In a one-two punch, the DOL and the NLRB issued notices of proposed rulemaking that together seek not only to hamstring employers in communicating with employees during a union organizing effort, but also to hamstring employers in communicating with employees about unions at all. These efforts are little more than a thinly veiled attempt to circumvent Congress and salvage the Obama administration’s support from organized labor – particularly following the Employee Free Choice Act debacle. Indeed, perhaps the “transparency” repeatedly espoused in the notices would be a little more credible if the agencies just came clean and admitted their role as political pawns.
The net effect of the proposed regulations is to expedite union elections, thereby providing a further advantage to organized labor (which is already winning over 50% of elections), and to effectively kill what an employer can actually do in the truncated time they would have. With a current median election time of 38 days from the date of petition (with 95% of elections occurring within 56 days), the NLRB’s proposed rules realistically seek to reduce that time period to not much more than 20 days. The purpose of the quickie election, of course, is to allow the union to propagandize its target audience, file a petition and hold the election immediately – before employees can be educated on the fact that there is a view other than the union’s.

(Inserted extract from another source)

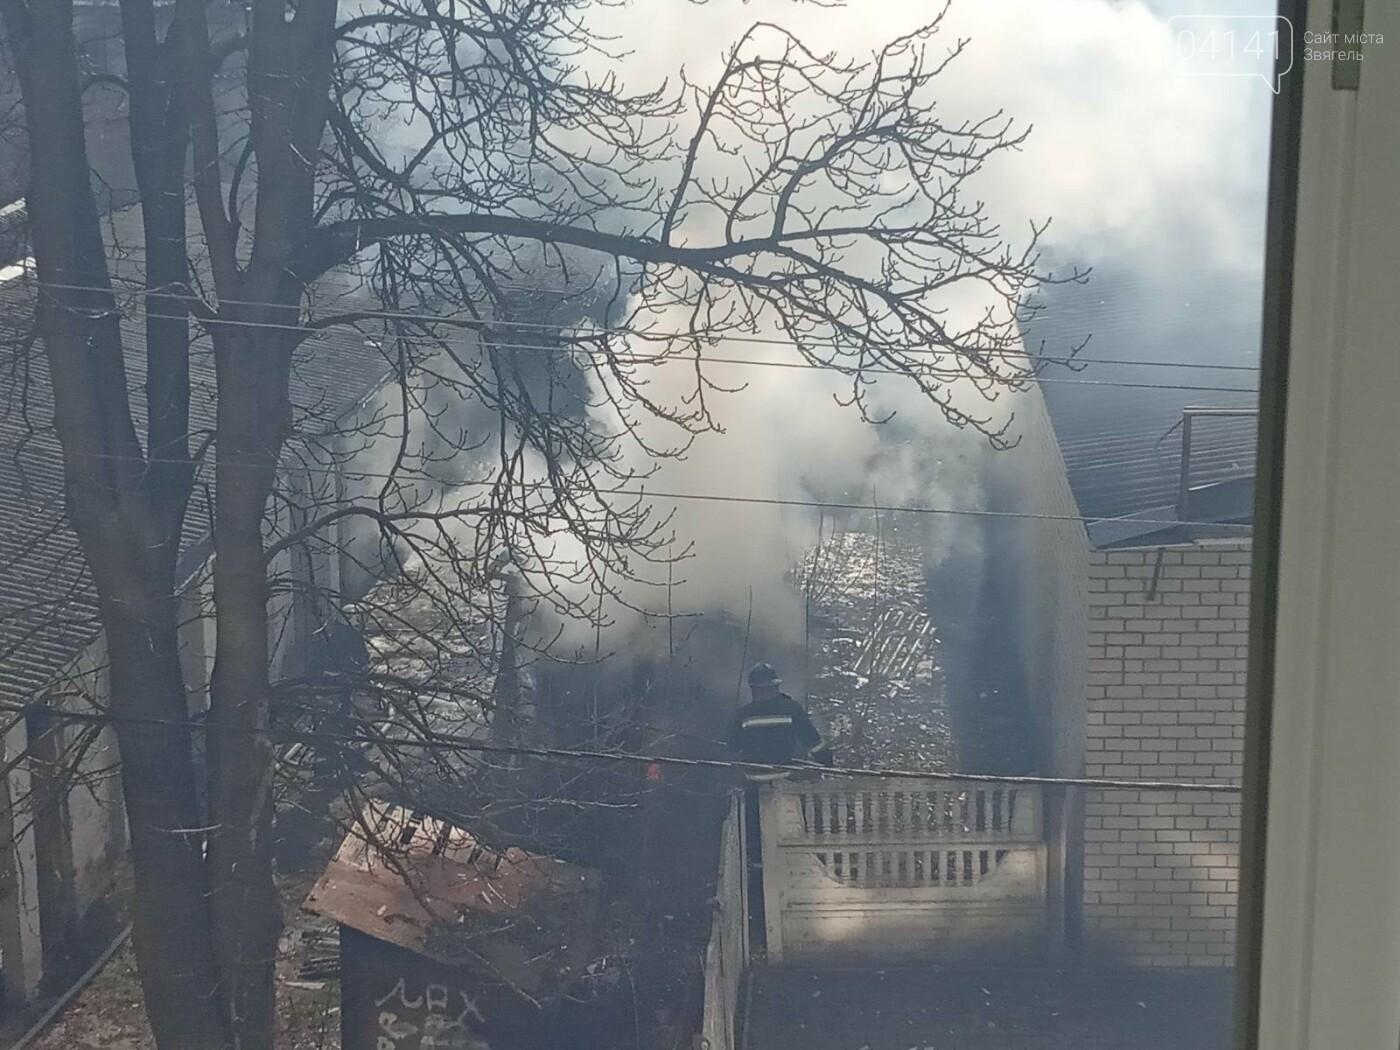 У Новограді сталася пожежа (ФОТО, ВІДЕО З МІСЦЯ ПОДІЇ), фото-1

As if that were not enough, the DOL’s proposed rules would then create a bureaucratic marathon of red tape if an employer is so bold as to attempt to educate its employees about the consequences of joining a union (in whatever little time they would have). Assuming an employer enlists the services of an attorney or a consultant, virtually any effort to educate its workforce would require public disclosure of the nature of the advice and the fees paid by the employer. The proactive or progressive employer fairs no better. If an employer attempts to implement a policy pertaining to the employer’s position on unions (or arguably any personnel policy) and seeks the input of attorneys or consultants in doing so, the proposed regulations require disclosure of that advice and the cost. Likewise, if an employer utilizes employee surveys or forms employee committees (and enlists attorneys or consultants, or purchases such materials) that too must be disclosed to the public. Interestingly, there does not appear to be any similar requirement by organized labor if it conducts training on how to organize.
Employers and unions and governments alike rely on consultants and advisors on day-to-day issues for everything from taxes to environmental issues to financing and employee relations. Yet, employer communication regarding the right not to organize may all of a sudden become one of the most regulated forms of expression in this country. All the self-righteous rhetoric and rationalization set forth in the proposed rules cannot veil the political agenda at issue.